We all die. Whether or not we die of cancer, we all face the prospect of death someday. The antipodes that many people experience in facing death are the wish to fight intensively for life and the wish to achieve a peaceful acceptance of death. Neither of these attitudes is "better" or "worse" than the other. Many people switch back and forth between the two.


A Personal Choice of book author, Michael Lerner

In conclusion, I will try to answer a question I am often asked: What would I do if it were me?

I do not know the answer to that question. I do not think anyone can know that unless he actually faces the experience of cancer. But here are my thoughts :

  • I would be paying a great deal of attention to the inner healing process that I would hope that the diagnosis would trigger in me. I would be giving careful thought to what had meaning for me now - just what in my life I wanted to let go of and what I wanted to keep.

  • I would give careful thought to choosing a mainstream physician. I would be looking less for someone with wonderful empathic skill than for someone who had a reputation for basic kindness who would also be willing to take the time I needed to answer my questions. Above all, I would be looking for someone who really stayed on top of the technical aspects of my treatment and who recognized that I was the kind of patient who wanted to share in making the decisions. I would also look for someone who was willing to stick with me if I embarked on alternative therapies. If possible, I would want someone who had a good reputation for staying with his patients medically and emotionally if they are facing death.

  • I would use mainstream therapies that offered what seemed to me a real and meaningful chance for recovery, and I would use them with gratitude and work to augment their effectiveness. But I suspect that I would be somewhat unlikely to undertake experimental therapies or therapies with a very low probability of success that were very toxic and would compromise my capacity to live and die as I chose.

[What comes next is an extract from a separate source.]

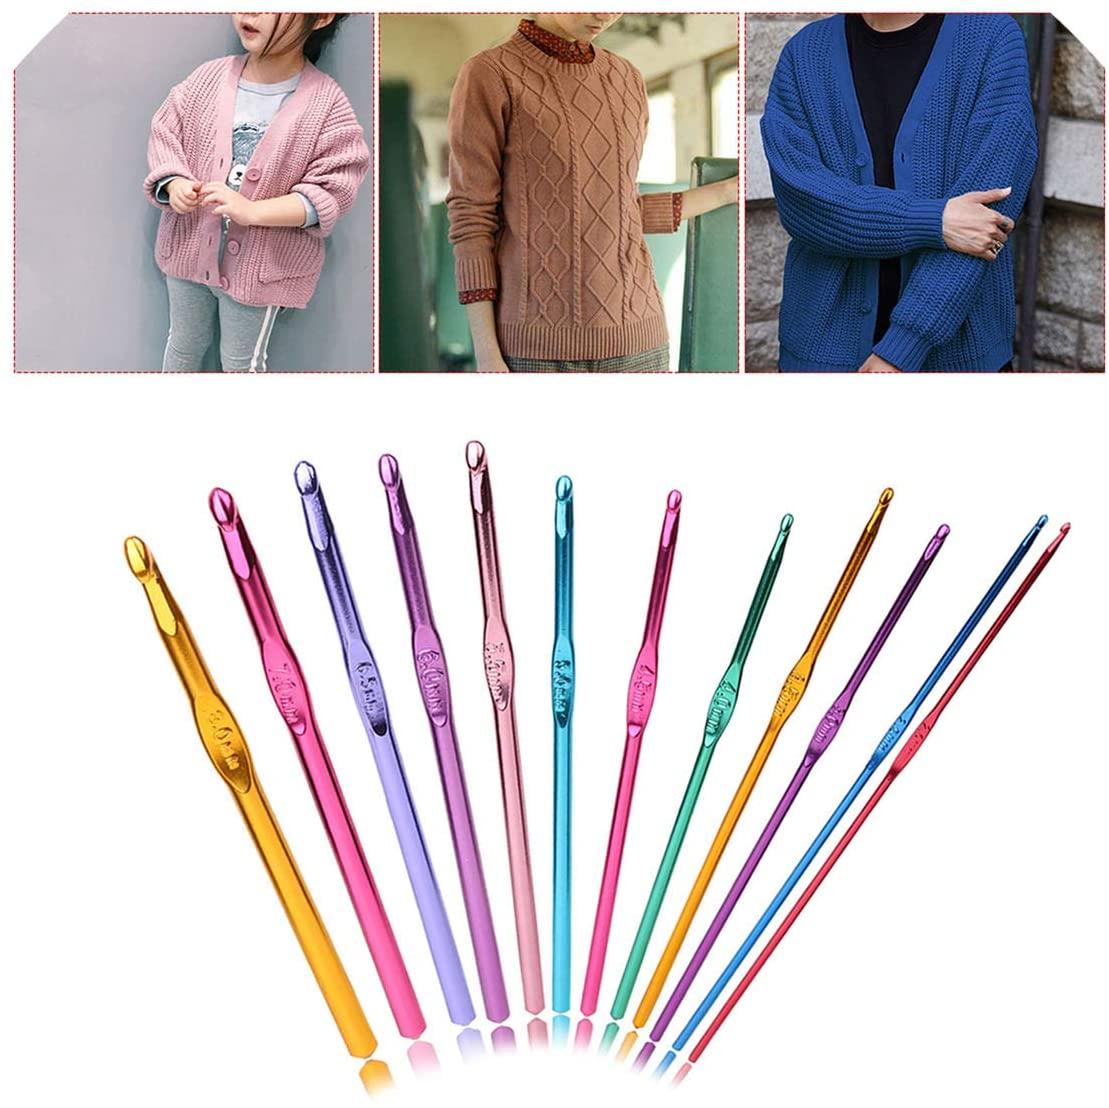 12Pcs/Set Multicolor Aluminium 2Mm 10Mm Crochet Hooks Yarn Knitting Needles Kit Crafts Tools Home Accessories

  • I would use complementary therapies. My first choices would include psychotherapy with a therapist experienced in work with people with cancer; a first-rate support group; and a healer with a good reputation. I would deepen and augment my regular nutritional program and I would strengthen my meditation and yoga practices. I would spend a lot of time in nature, walking in the woods, along the ocean, and in the mountains.

  • I would unquestionably use traditional Chinese medicine.

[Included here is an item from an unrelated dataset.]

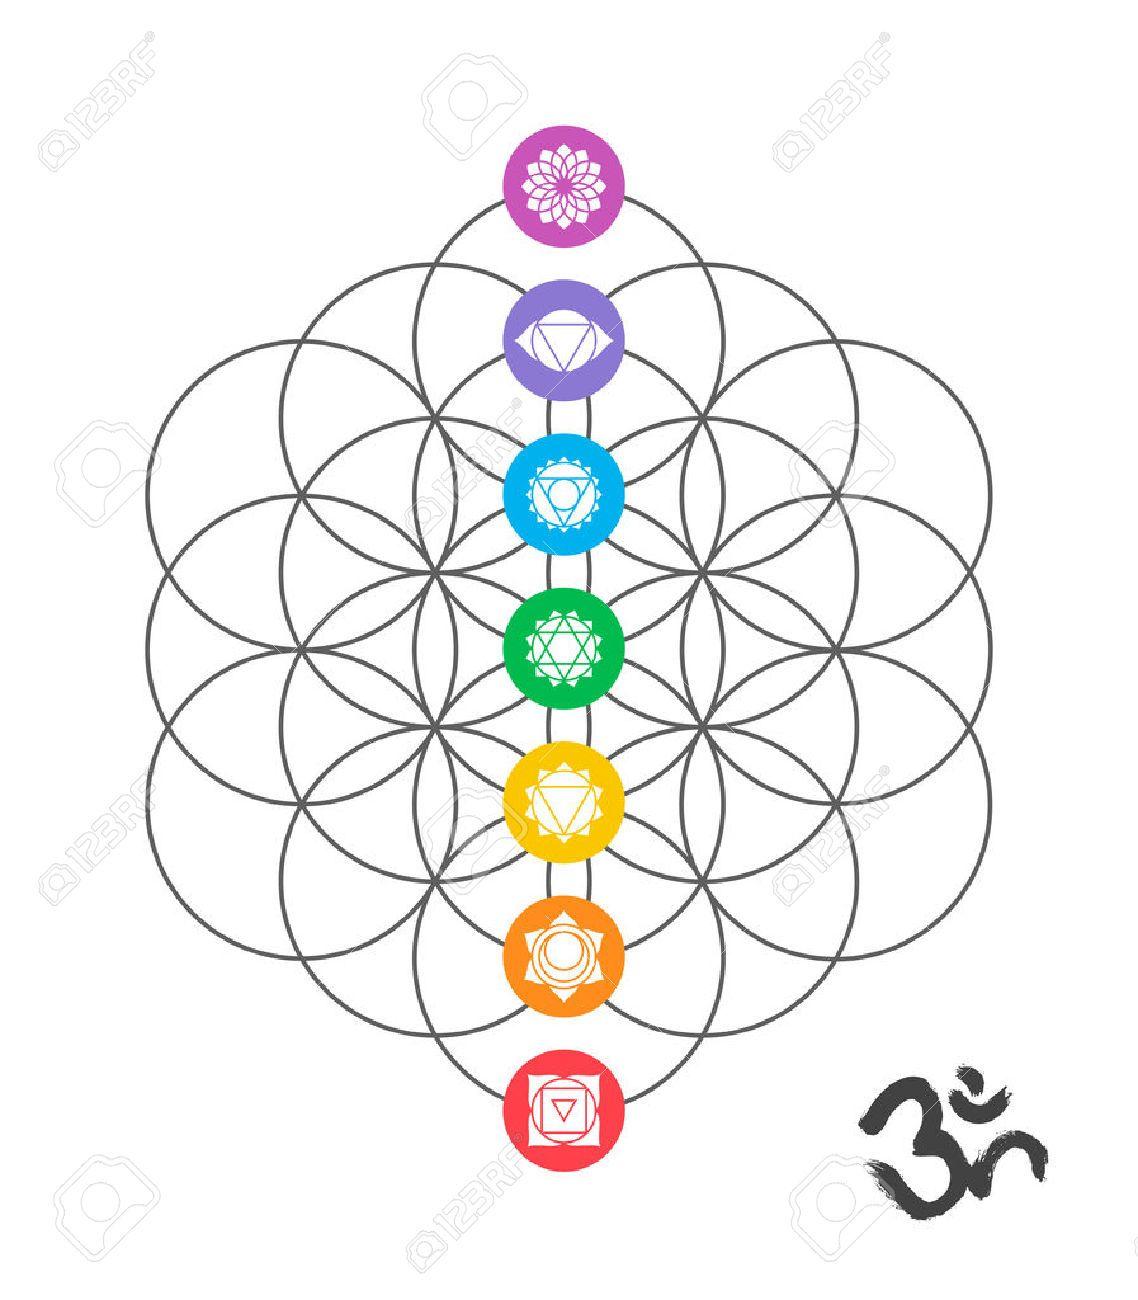 6,498 Chakra Symbols Stock Vector Illustration And Royalty.

  • I would explore whether any of the high-tech atlernative therapies appeared to have anything to offer me.

  • I would be deeply grateful for all the training I had received from friends in the Cancer Help Program in how to face cancer as best as one humanly can. I would recognize the months or years of active battle for recovery that lay ahead, followed either by living with the possibility of recurrence or facing recurrence and death as a fundamentally new part of my life. I would go for life, for recovery, with every possible tool and resource I could find. But I would also seek to face death with the same recognition of the challenge and the possibilities.

  • I would spend time with people I care a lot about and with books, with writing, with music, with nature, and with God. I would do everything I could that I had not yet done and did not want to leave undone. I would not waste time with old obligations or conventions, althoutgh I would seek to extricate myself from them decently. I would be off into pure life, following its lead.

I can say none of these things with certainty. How can any of us know what he would actually do?

In cancer, there is no single right choice for all of us, but there are surely right choices for each of us. There are no certain courses of action, but there are certainly educated and wiser choices, as opposed to uneducated and more foolish ones. The skill is in the movement from ignorance toward knowledge and from knowledge toward wisdom. In wisdom, we choose what we are least likely to regret. Accepting the pain and sorrow inherent in the fate we have been given, we can seek also the beauty and the joy.